Whether this effort is worthwhile depends not least on our standards. Anyone who expects a court to heal all the wounds of a decades-long conflict in just a few years will be disappointed. On the other hand, those who recognize that every single indictment, every trial conducted in accordance with the rule of law, and every sentence effectively enforced creates a piece of normality in a country marked by states of emergency and leads to a transfer of knowledge—about fair trials, victims' rights, and reparations—will easily come to a different conclusion.

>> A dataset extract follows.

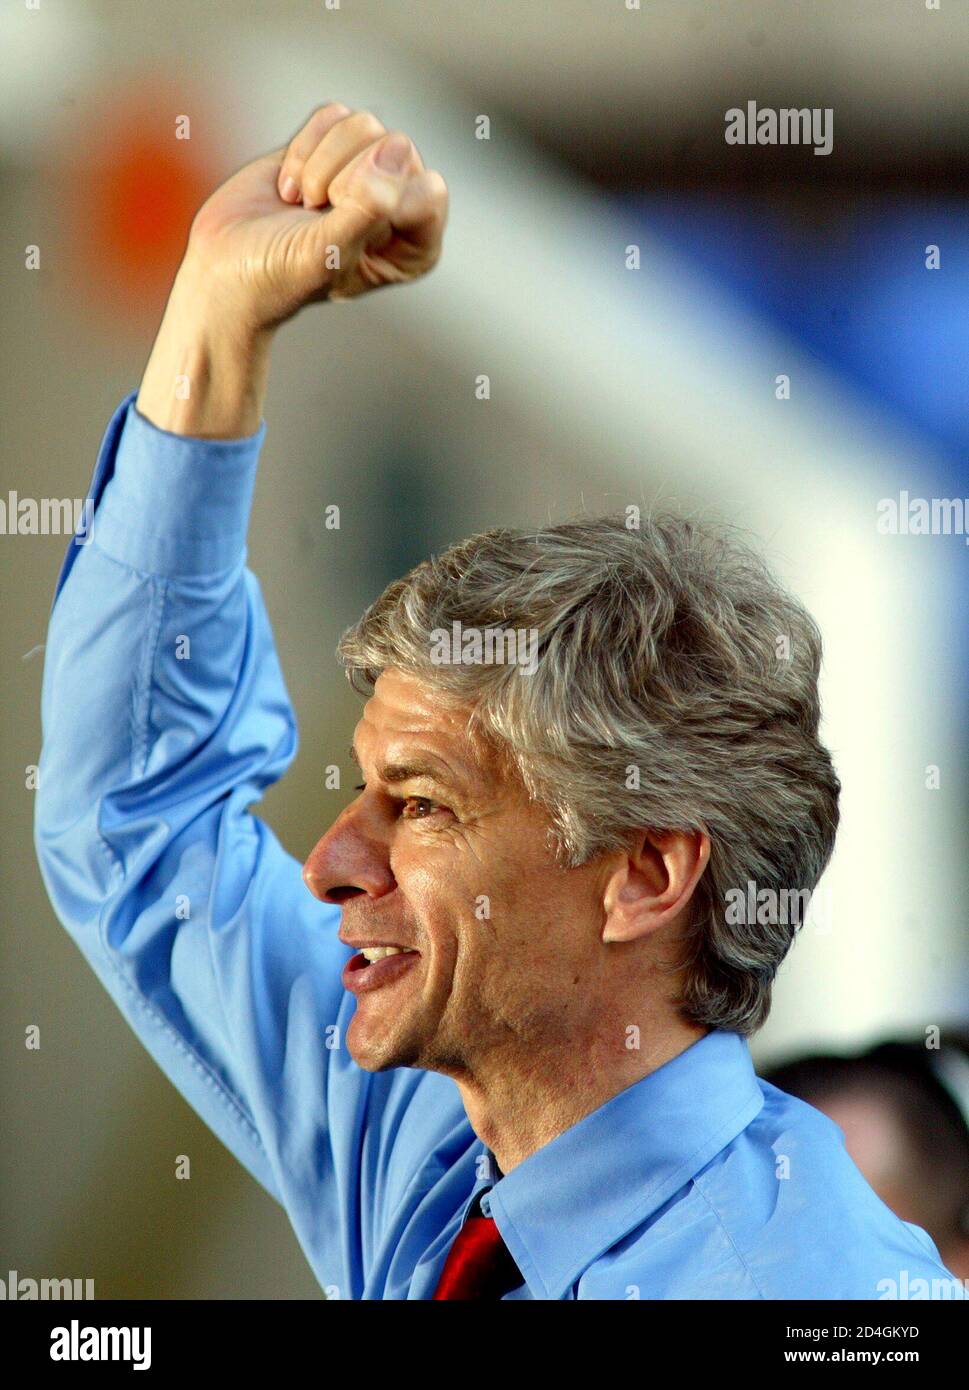 Arsenal's manager Arsene Wenger of France smiles after his side drew 2-2 with Tottenham Hotspur to win the English premier league title at White Hart Lane, London, April 25, 2004. Arsenal were crowned English champions for the 13th time on Sunday after their 2-2 draw at London rivals Tottenham Hotspur gave them an unassailable 10-point lead at the top of the standings.  ? ONLINE/INTERNET USAGE WITHOUT FAPL LICENCE. FOR DETAILS SEE WWW.FAPLWEB.COM Banque D'Images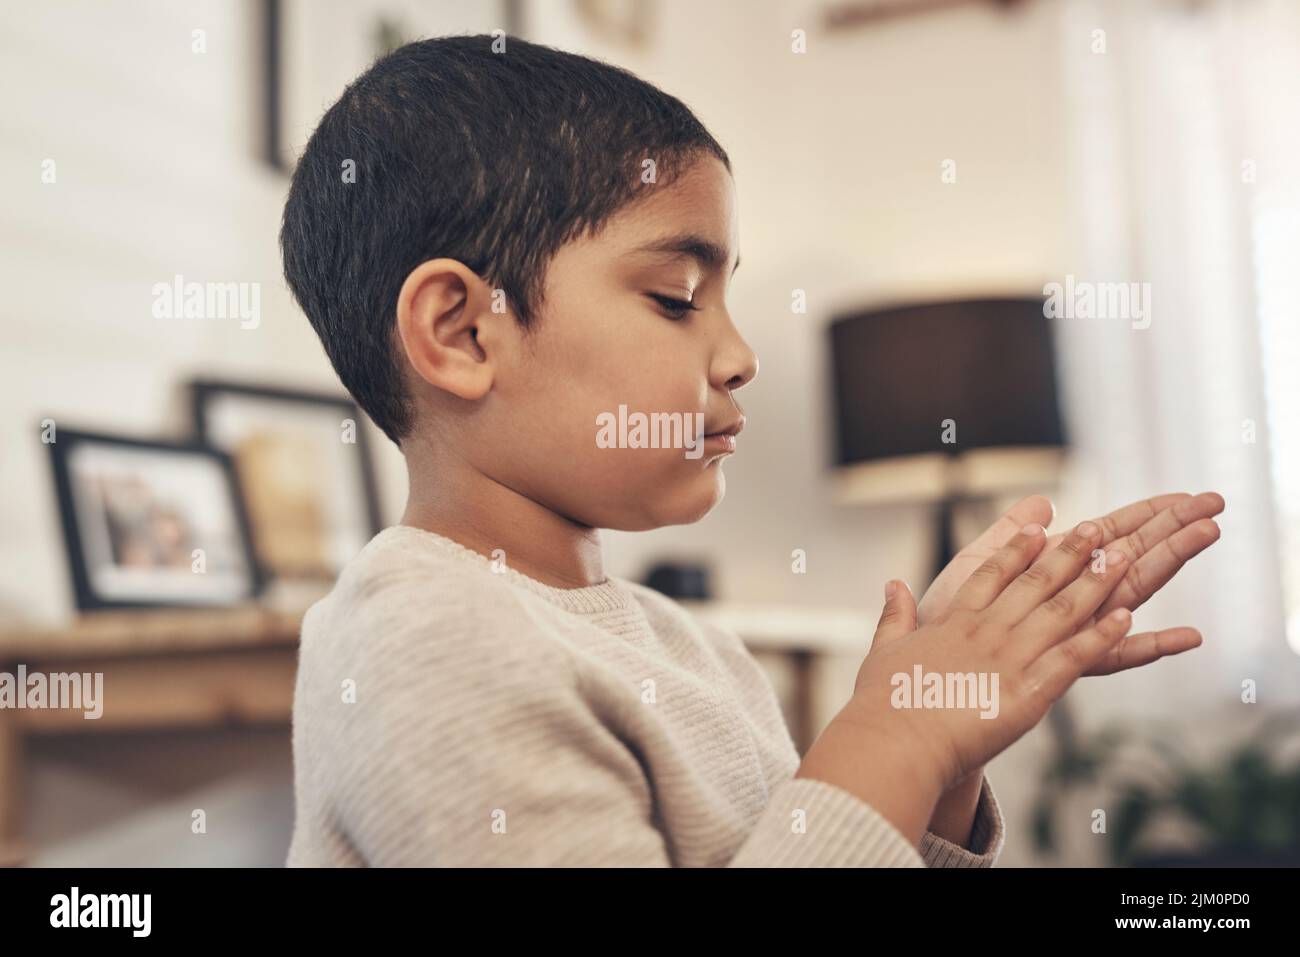 Not today, dirt. an adorable little boy disinfecting his hands at home. Stock Photo

For me, the purpose of the CPS is precisely this: It is not a panacea, but a visible promise that the most serious crimes will not sink into oblivion and impunity. Delivering on this promise is worthwhile — for the victims, for the future of Central African justice and, yes, for all of us who work on this court.

 

The author, Stefan Schlotter, has been an international judge of the Pre-Trial Chamber and ad hoc judge of the Appeals Chamber of the Cour Pénale Speciale in Bangui since 2024. He previously worked for over 15 years as a public prosecutor, judge and consultant at the Federal Ministry of Justice, Berlin, and as a lawyer in an international law firm.